There’s something you can do about this, though. And it’s not some complicated, multi-step plan to improve your relationship. It will take a few minutes. And it’s all about you.
Ready? Here it is: Set a timer for two minutes and make a list of things that bring you joy. Don’t overthink this. Just quickly write down what comes to mind, whether it’s a big joy, like a dream vacation, or small, everyday joys, like an uninterrupted cup of coffee or catching up with an old friend.
After you finish your list, take a look at your calendar. How many of the things on your joy list did you do in the past week? The past month?

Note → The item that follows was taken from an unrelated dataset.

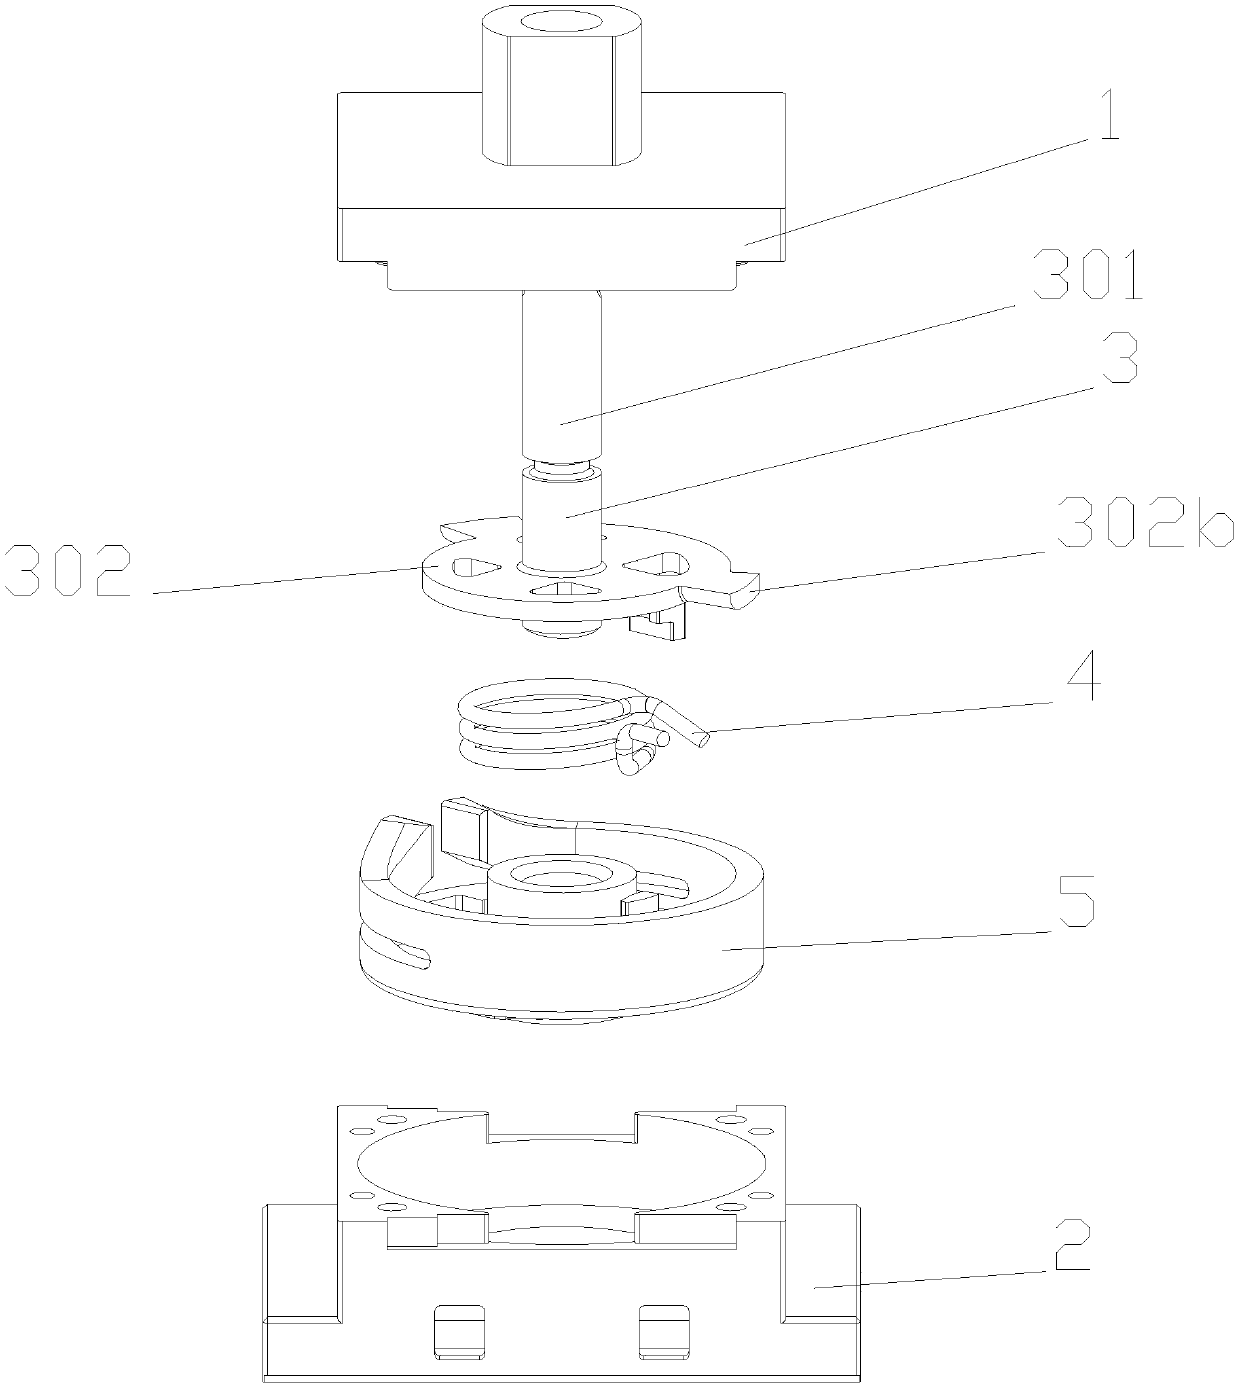 Rotary switch operating mechanism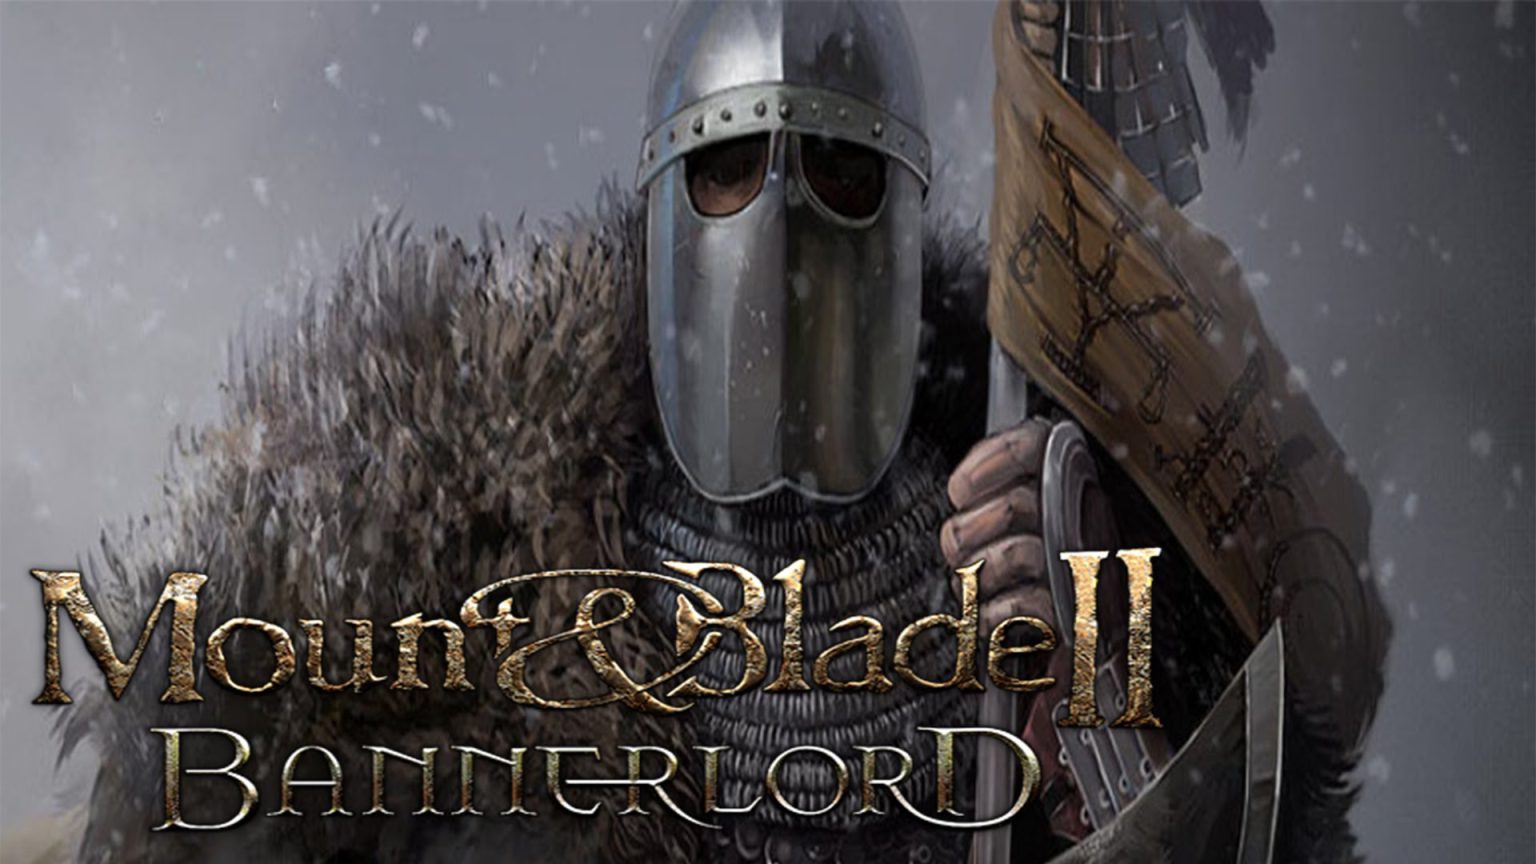 Mount & blade 2: bannerlord

I’m betting you’ll discover that the things that bring you joy didn’t make it onto your schedule very often. Our days are busy, and unless we make a conscious effort to add our joyful activities to them, they can fill up fast with less-gratifying things.
Make Time for Joy
Here’s what I want you to do now: Schedule some time in the next week for a few of the things that bring you joy, or find ways to nudge yourself to do them. Maybe that means setting aside a lunch break to walk around outside instead of staying tethered to your desk. Or maybe it means putting a Post-it note in your car reminding you to listen to music you love instead of that stress-inducing news channel on the way home.
So what does all this have to do with your relationship? Regularly doing the things you love inevitably changes how you show up in the marriage. When you give to yourself and inject more joy into your life, it makes you happier and less stressed — and that takes pressure off your relationship. Including yourself in the circle of people you give to regularly usually lowers the resentment most people feel when they are giving, and giving, and giving. When you put energy into allowing yourself to be more you, don’t be surprised if that kind of vibrance makes you more irresistible to your husband!
If you do not value yourself enough to keep yourself in the picture, there are tremendous limits to how much love you can truly give or receive. Holding onto your marriage and holding onto yourself go hand in hand.
Adding joy to your life is a gift to yourself — and to your marriage. Try this relationship tip and tell me about how it goes!!